- **What is being asked**: Set the pictures aside and write down, exactly as they appear, the lines from the one containing "Carátula de su" through the end of the material.

- **Provided data**:
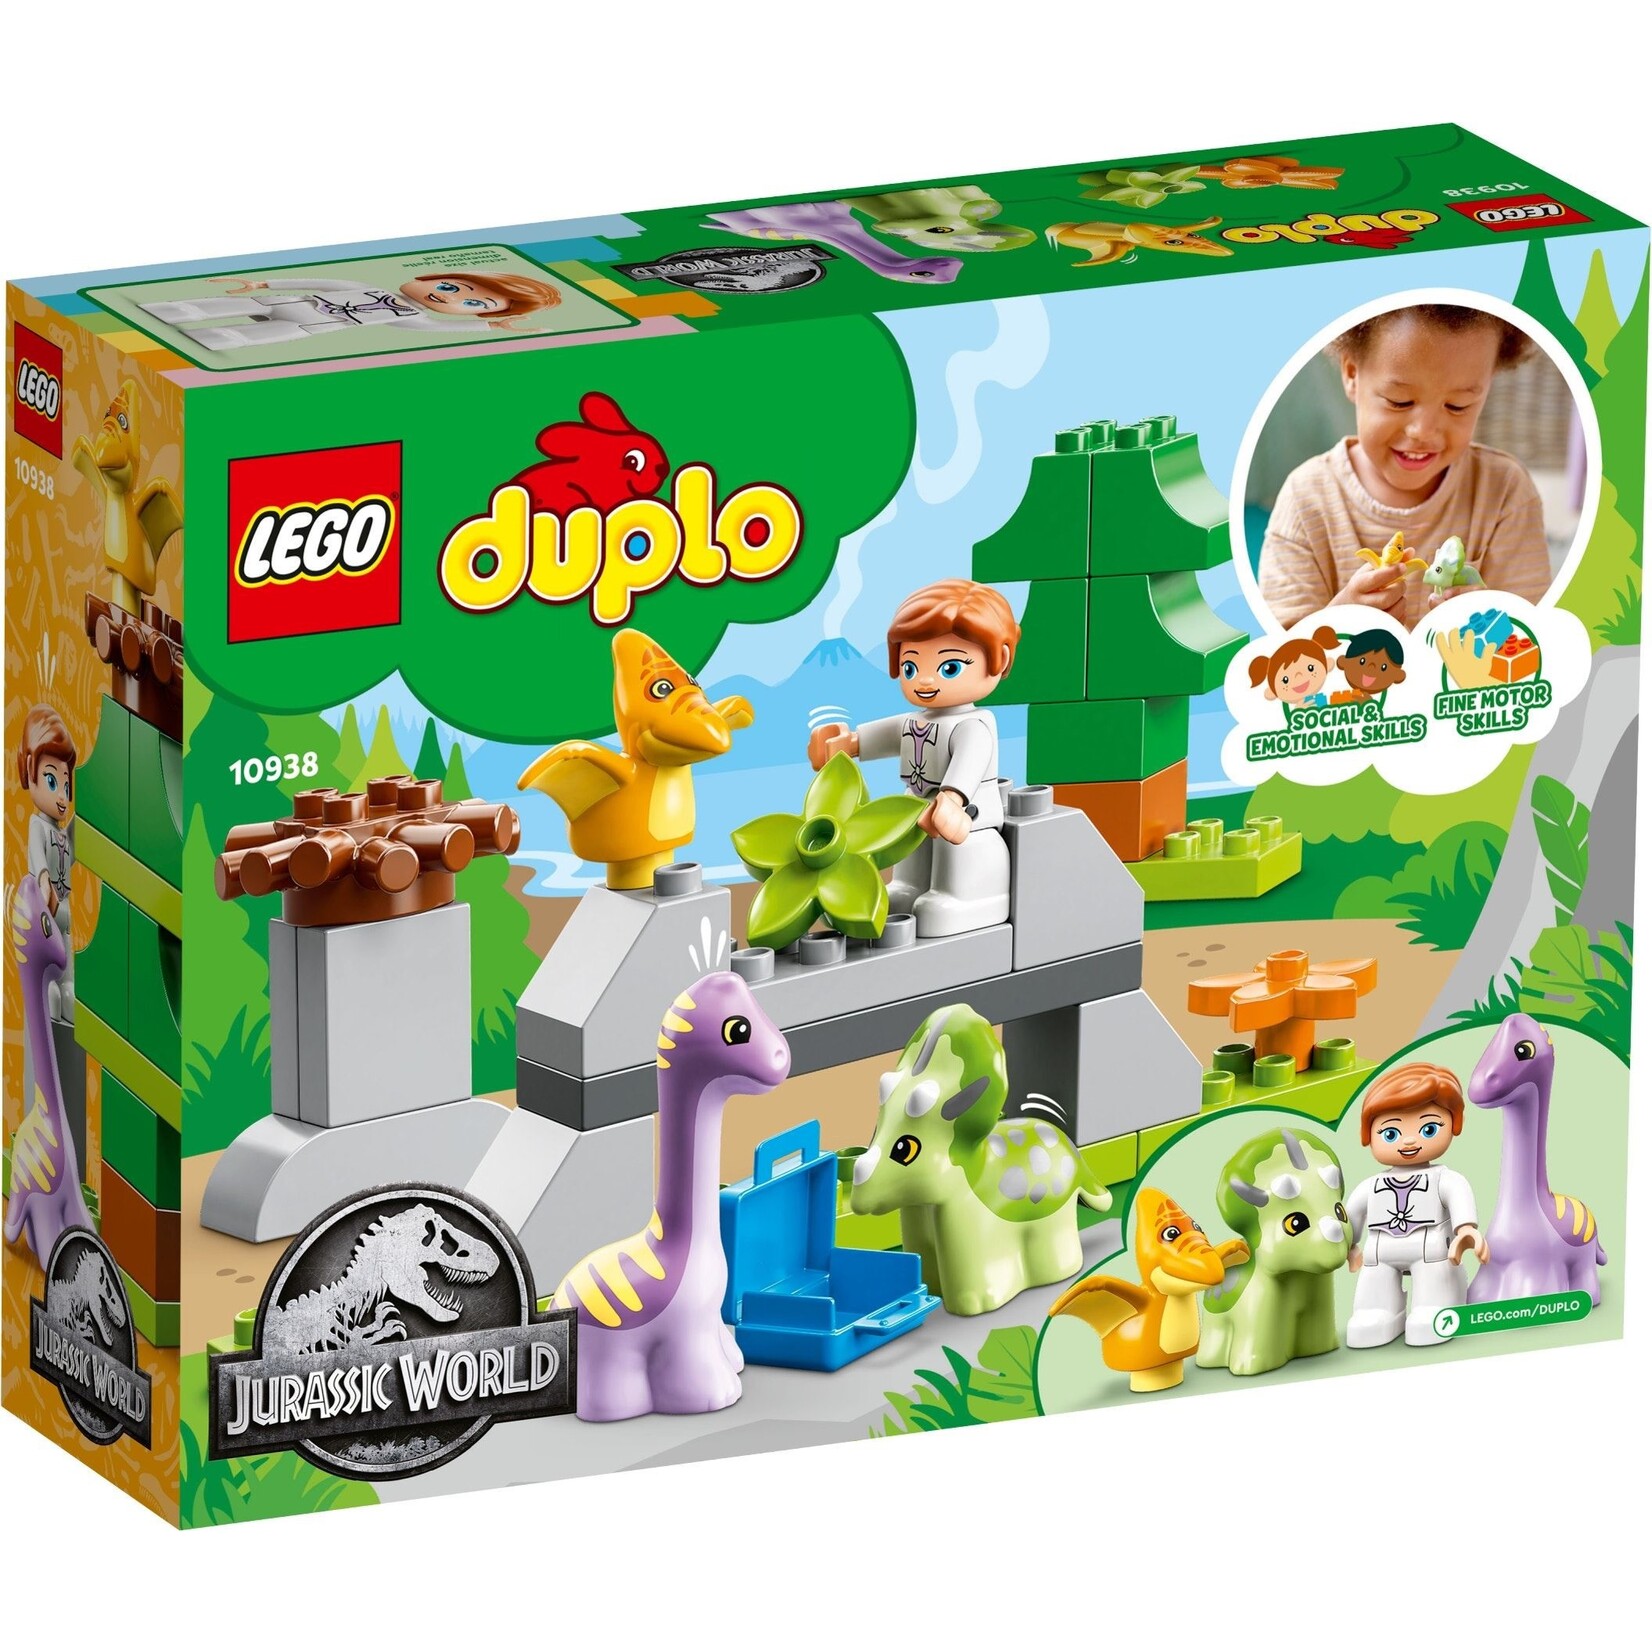 LEGO Dpulo Dinosaurus creche - 10938
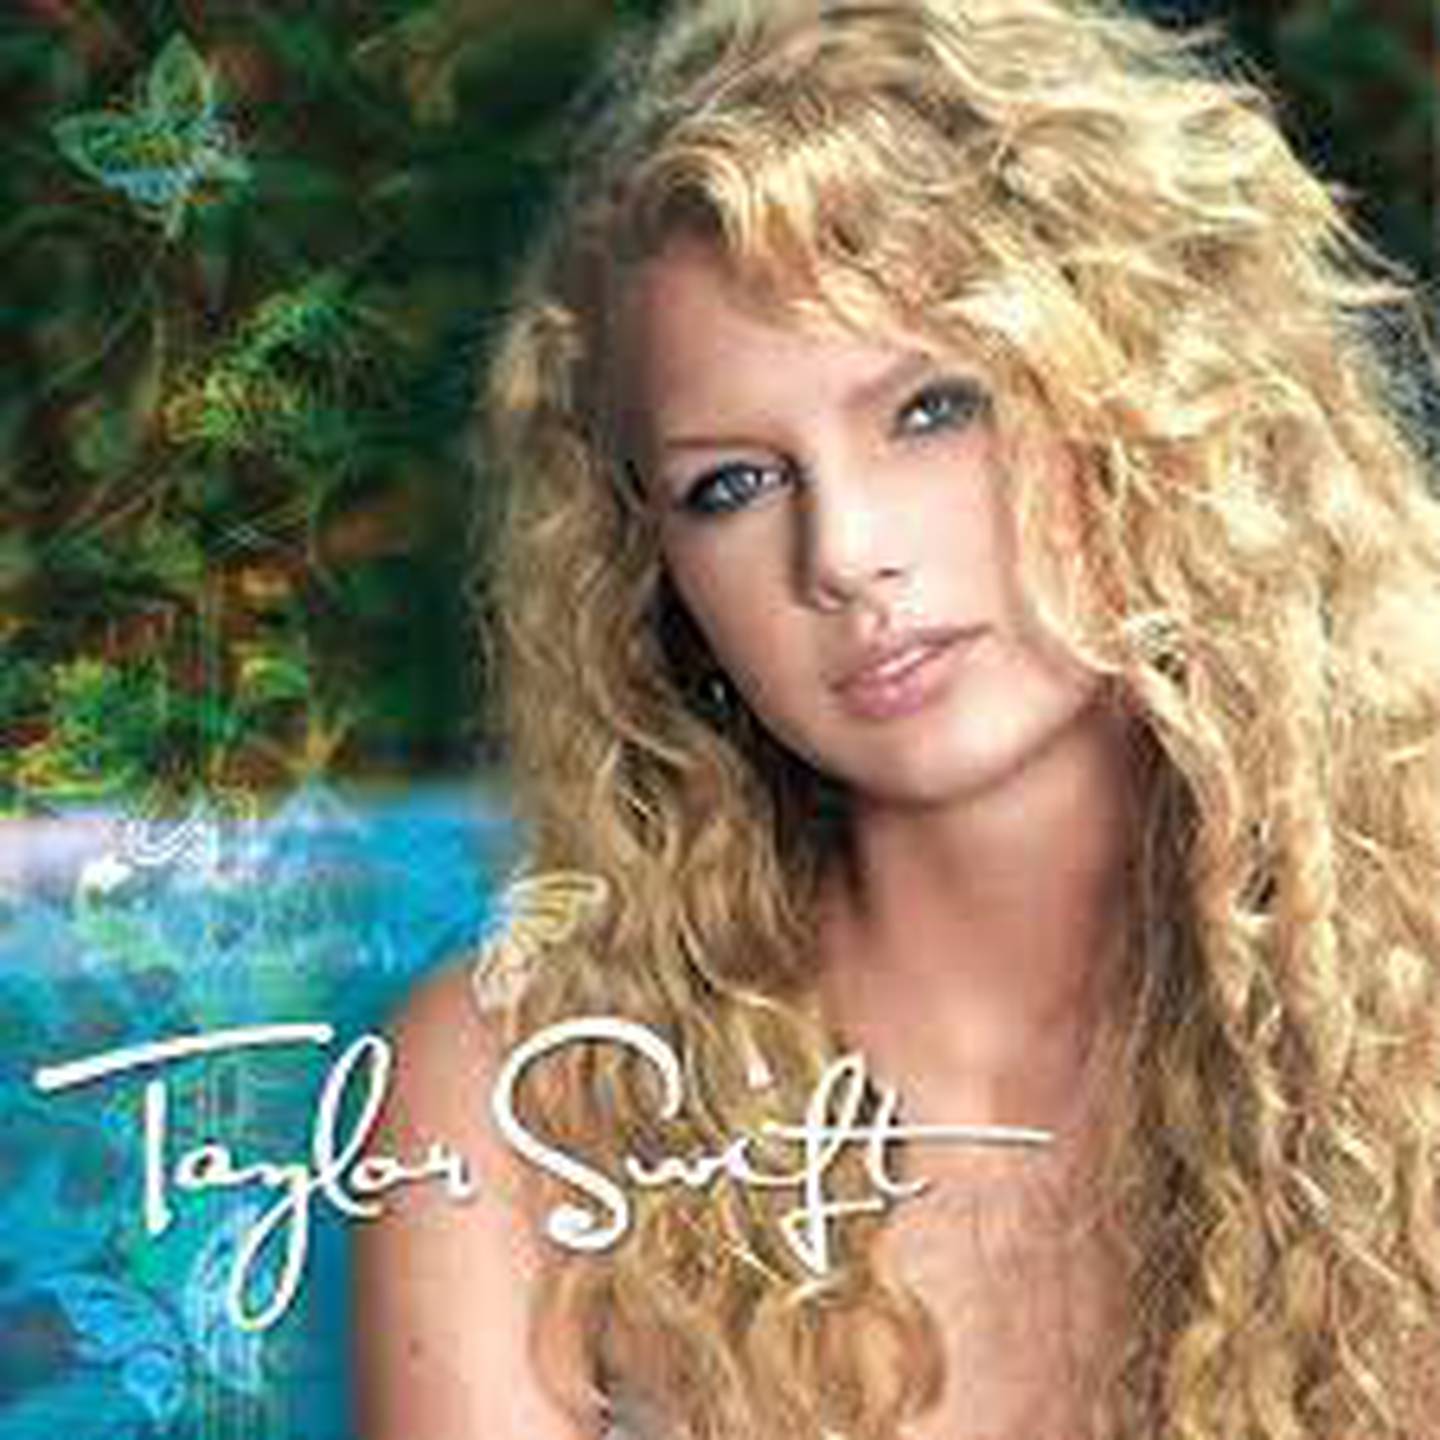 Carátula de su primer álbum "Taylor Swift".
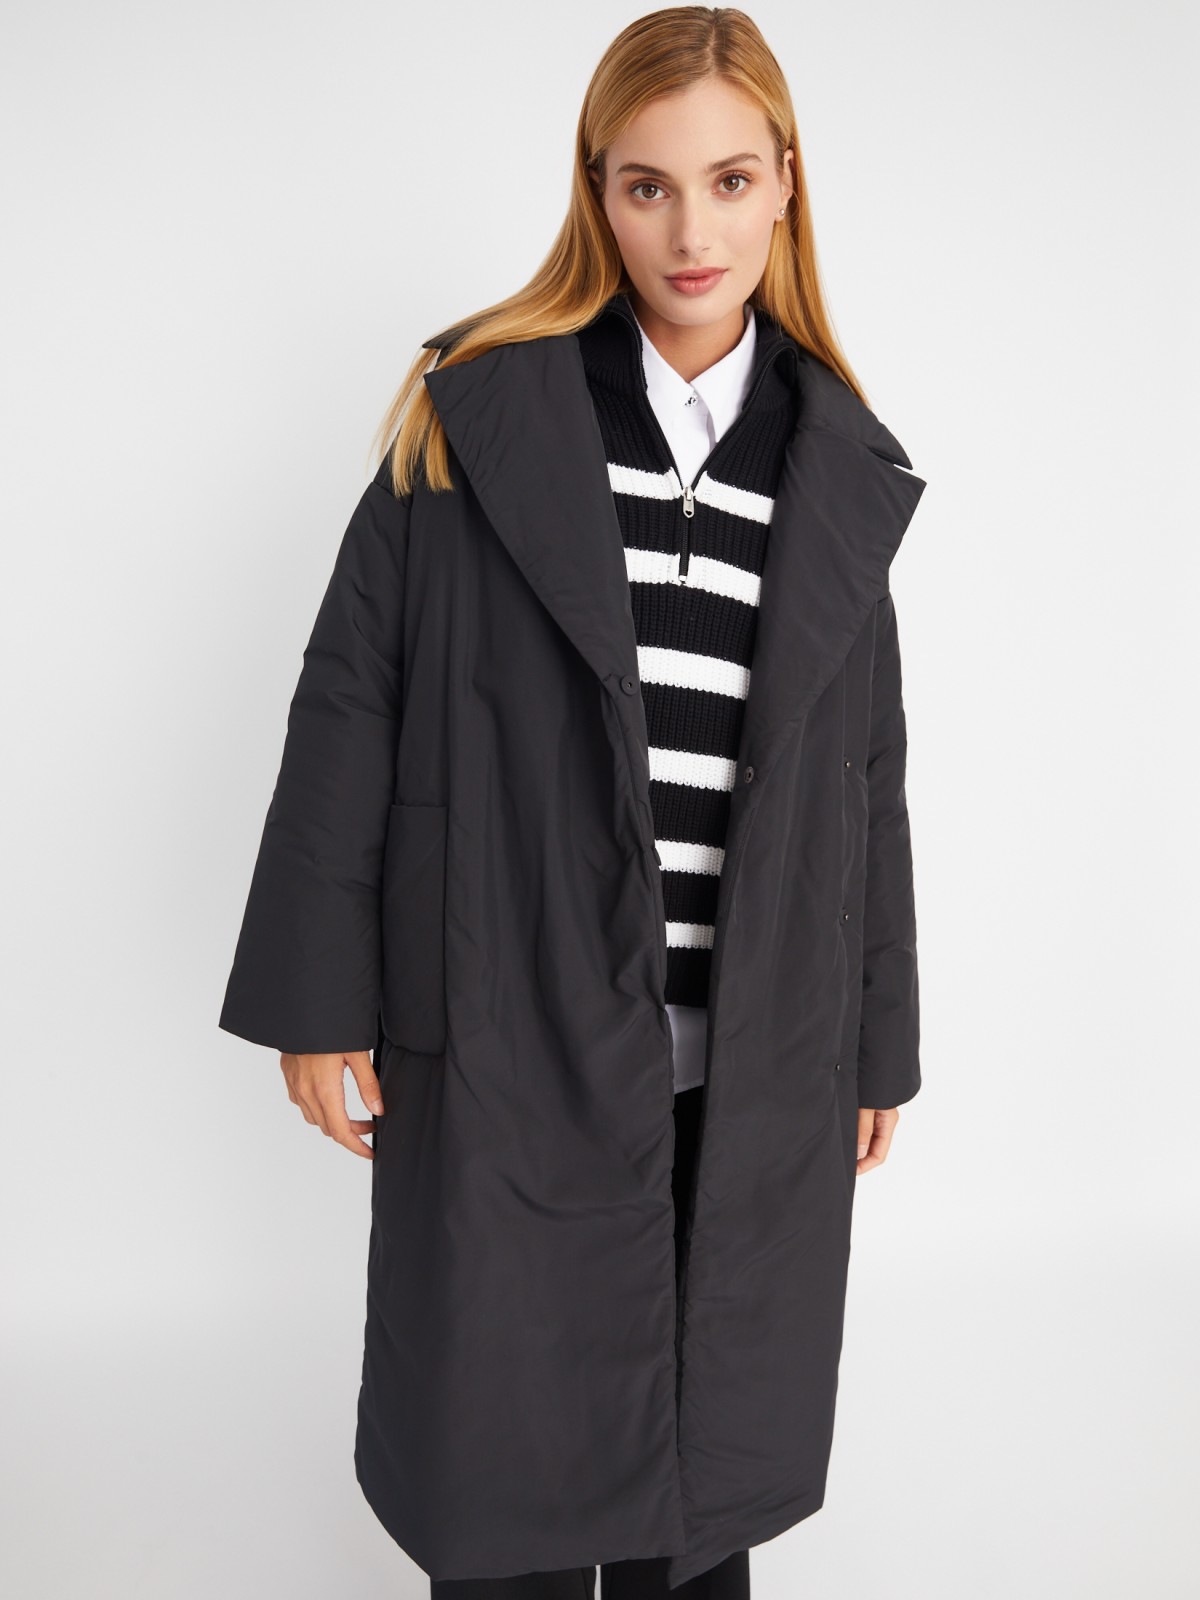 Тёплое пальто оверсайз силуэта на синтепоне с отложным воротником и поясом zolla 023335297244, цвет черный, размер L - фото 1

- **Task solution**:
 Carátula de su primer álbum "Taylor Swift".
 Тёплое пальто оверсайз силуэта на синтепоне с отложным воротником и поясом zolla 023335297244, цвет черный, размер L - фото 1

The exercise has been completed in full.